Coincidentemente, o longa-metragem mostra os bastidores de evacuação militar em Dunquerque, recentemente retratada em Dunkirk, de Christopher Nolan. Se o épico de guerra explora o lado mais visceral da retirada dos soldados britânicos acuados pelos nazistas na França, O destino de uma nação aborda os aspectos mais burocráticos da ação tática e o papel de Churchill na iniciativa, bem-sucedida na missão de resgatar mais de 300 mil combatentes.

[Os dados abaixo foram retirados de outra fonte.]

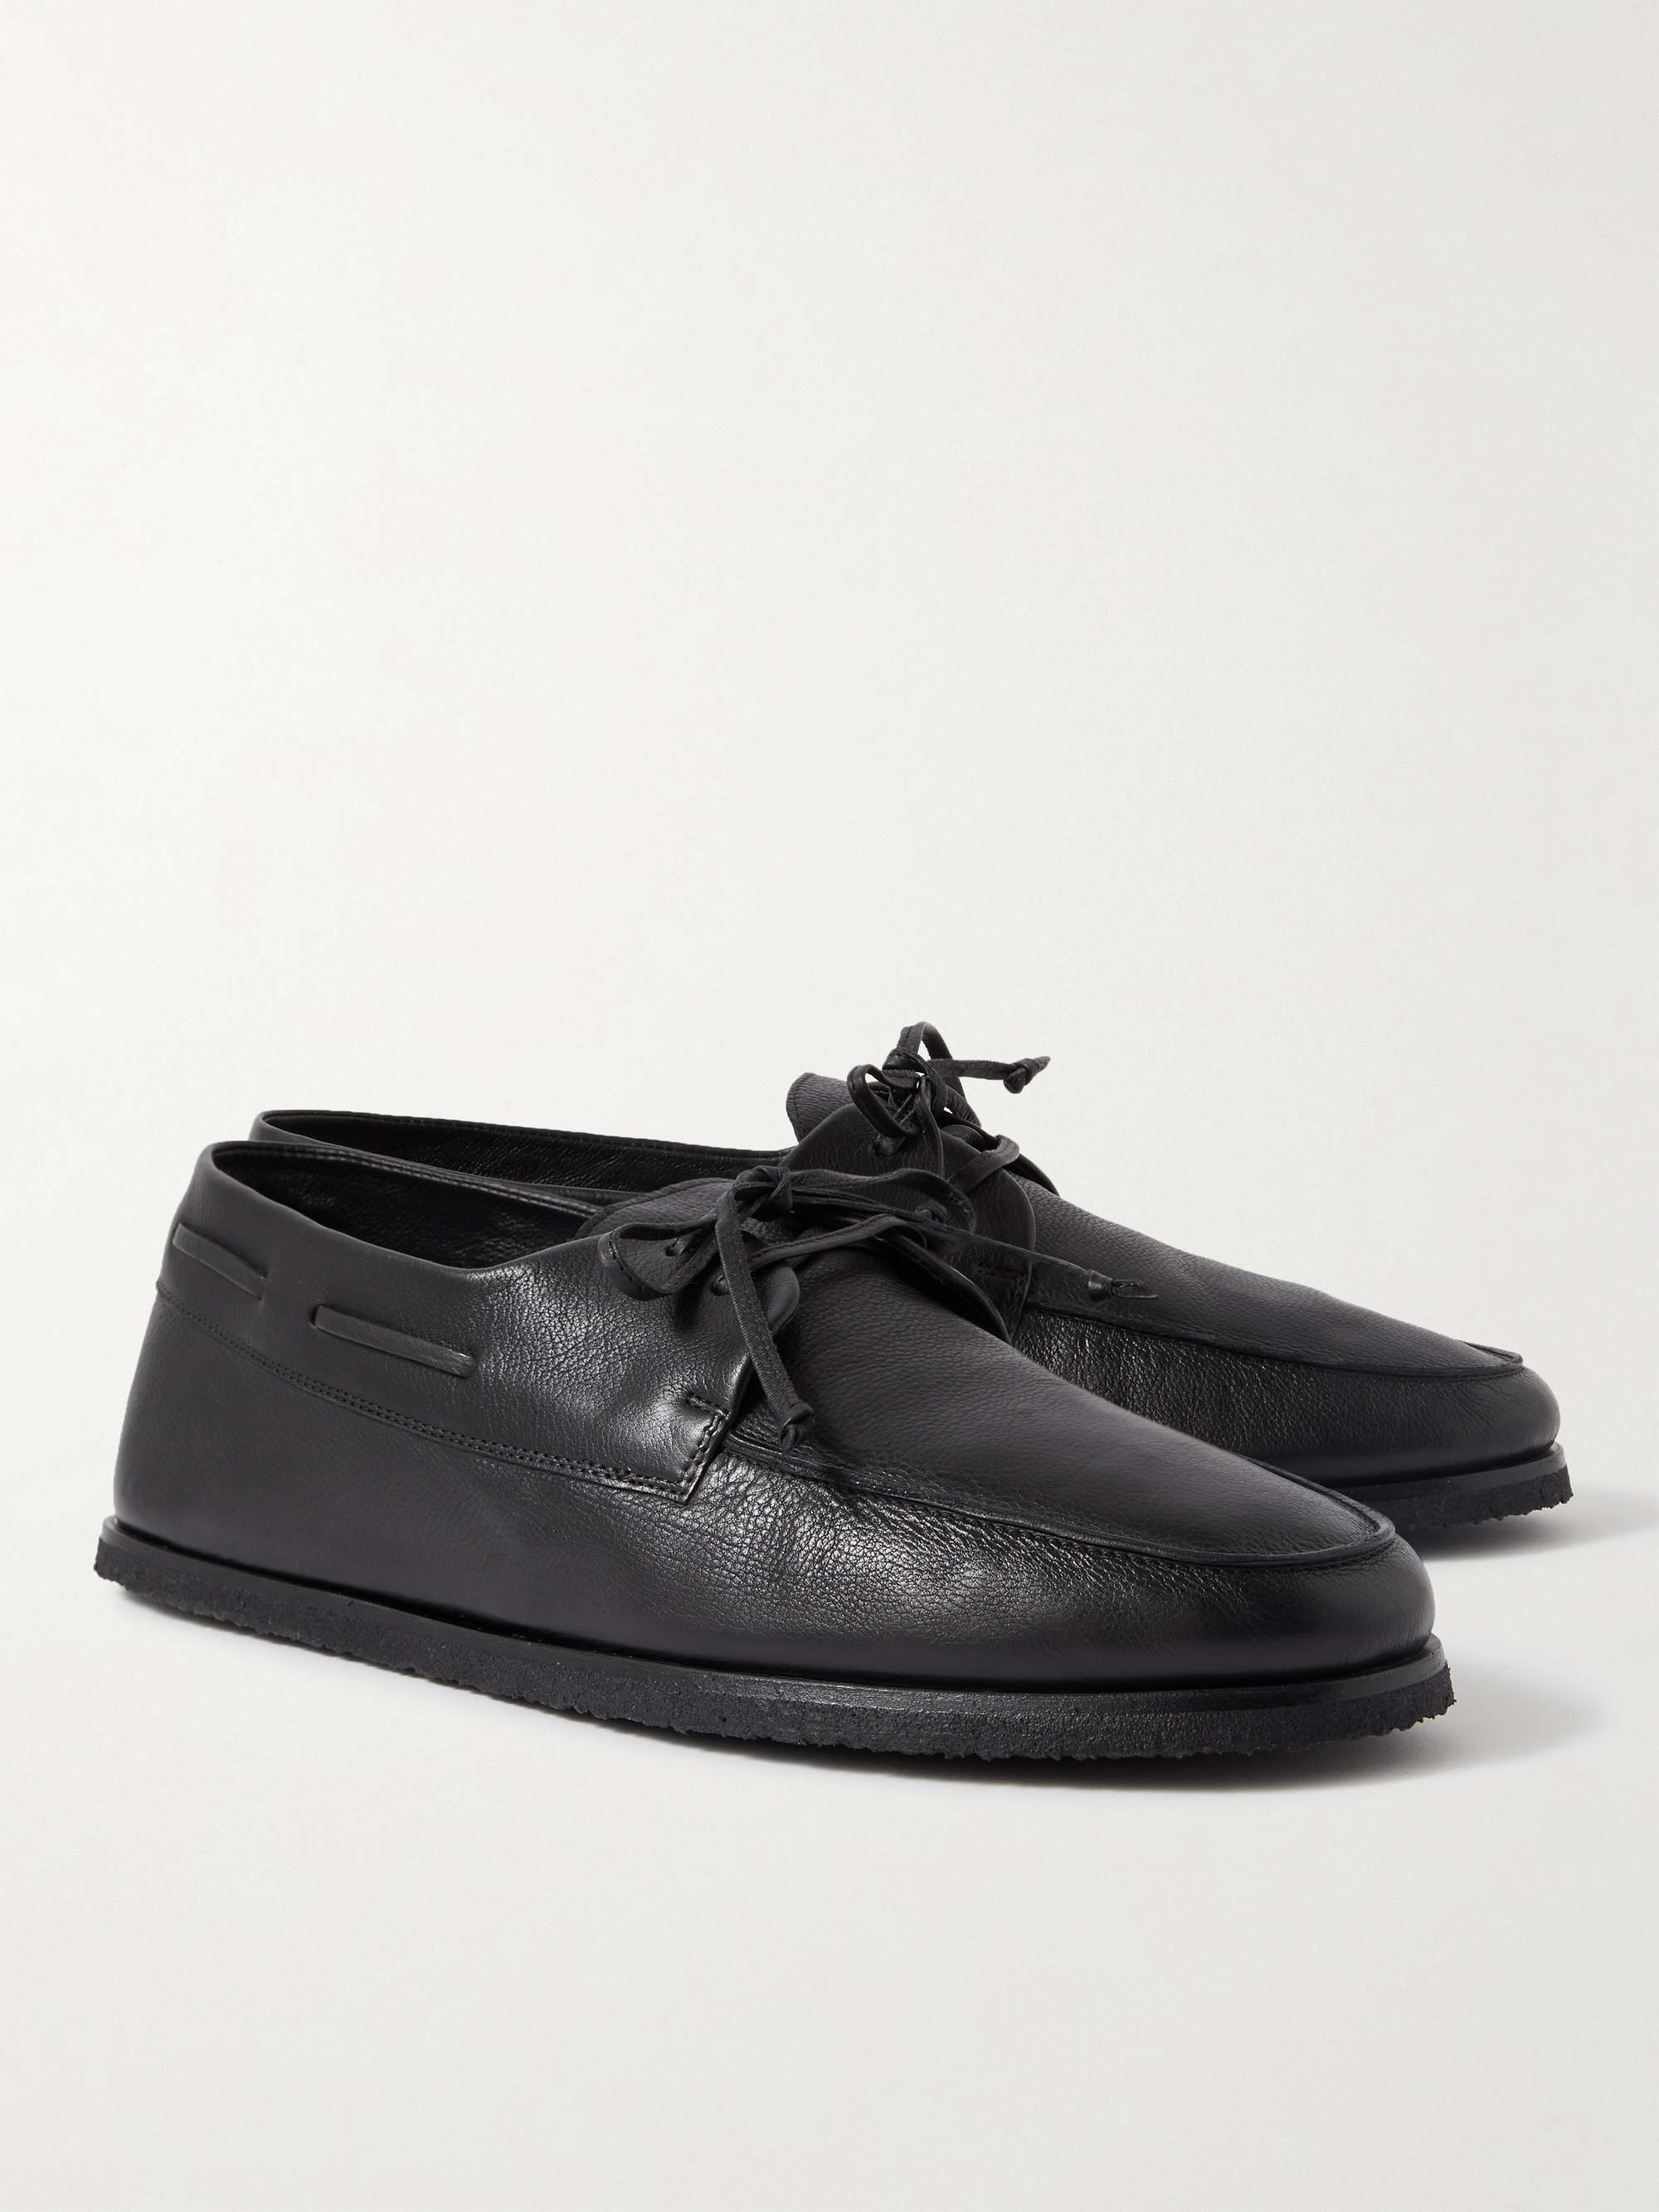 THE ROW Sailor Full-Grain Leather Boat Shoes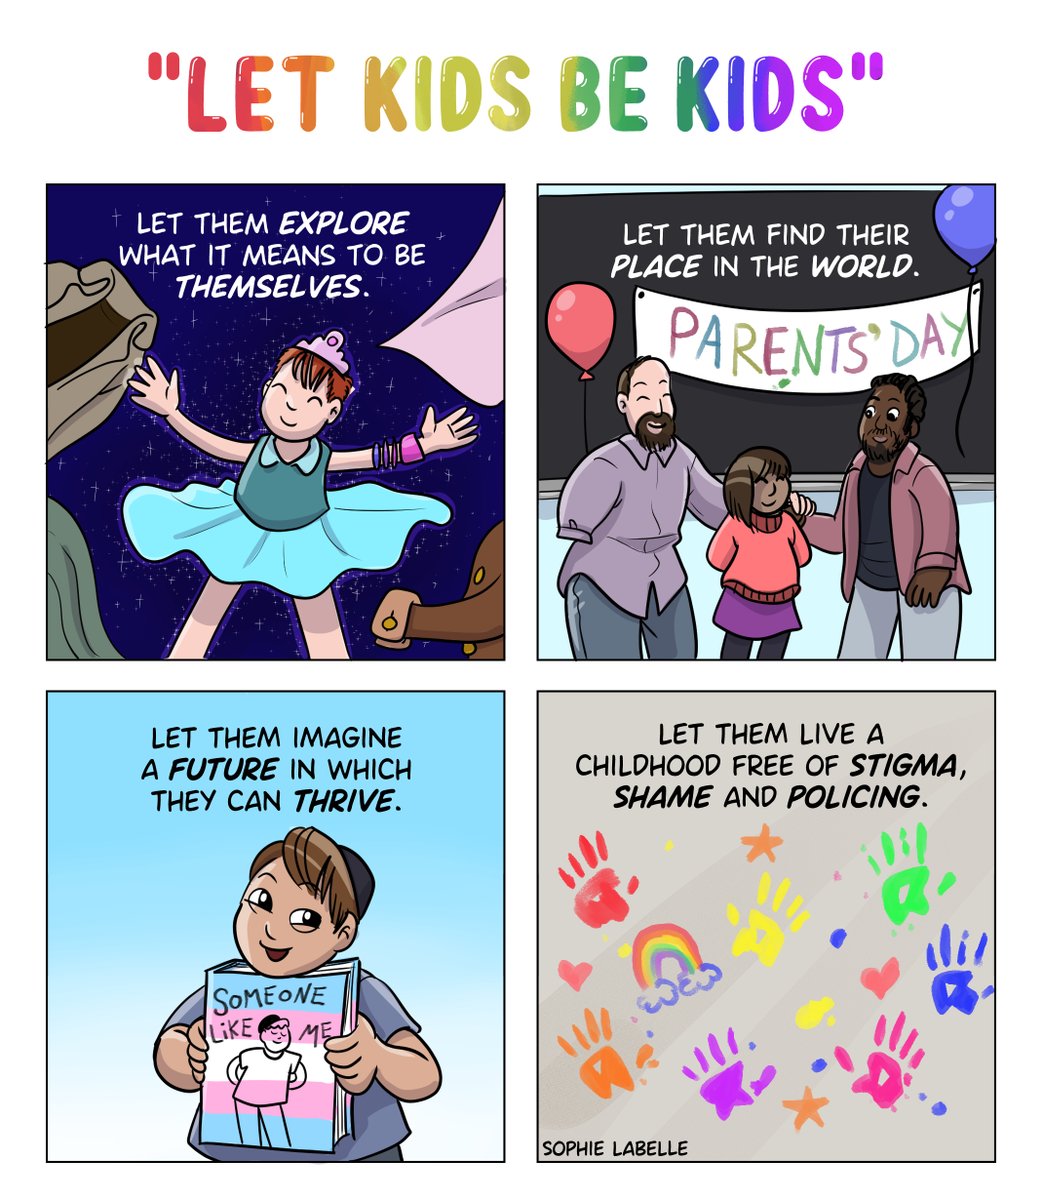 Let kids be kids. Especially the ones who were forced to hold hateful signs yesterday across Canada.

O diretor, Joe Wright, se mostra bastante ciente da potência da atuação de Oldman e, ainda que não caia em deslumbramento, dá pouco tempo de tela a outros personagens interessantes, como a esposa do primeiro-ministro, Clemmie (Kristin Scott Thomas), a única pessoa capaz de apaziguar o genioso político. Lily James, responsável por interpretar Elizabeth Layton, a datilógrafa de Churchill, é outra que poderia ter mais ter mais espaço e sendo uma personagem de pouca voz.

Na maior parte do tempo, os coadjuvantes parecem agir apenas em função do personagem central. É um filme agradável. E talvez seja esse o grande problema, considerando que a temática de Segunda Guerra Mundial. Falta o mínimo aprofundamento em tudo que não é relativo ao personagem central e a falha na construção desse pano de fundo esvazia a sensação de iminência da invasão nazista à Inglaterra. Tudo parece seguro na presença de Churchill.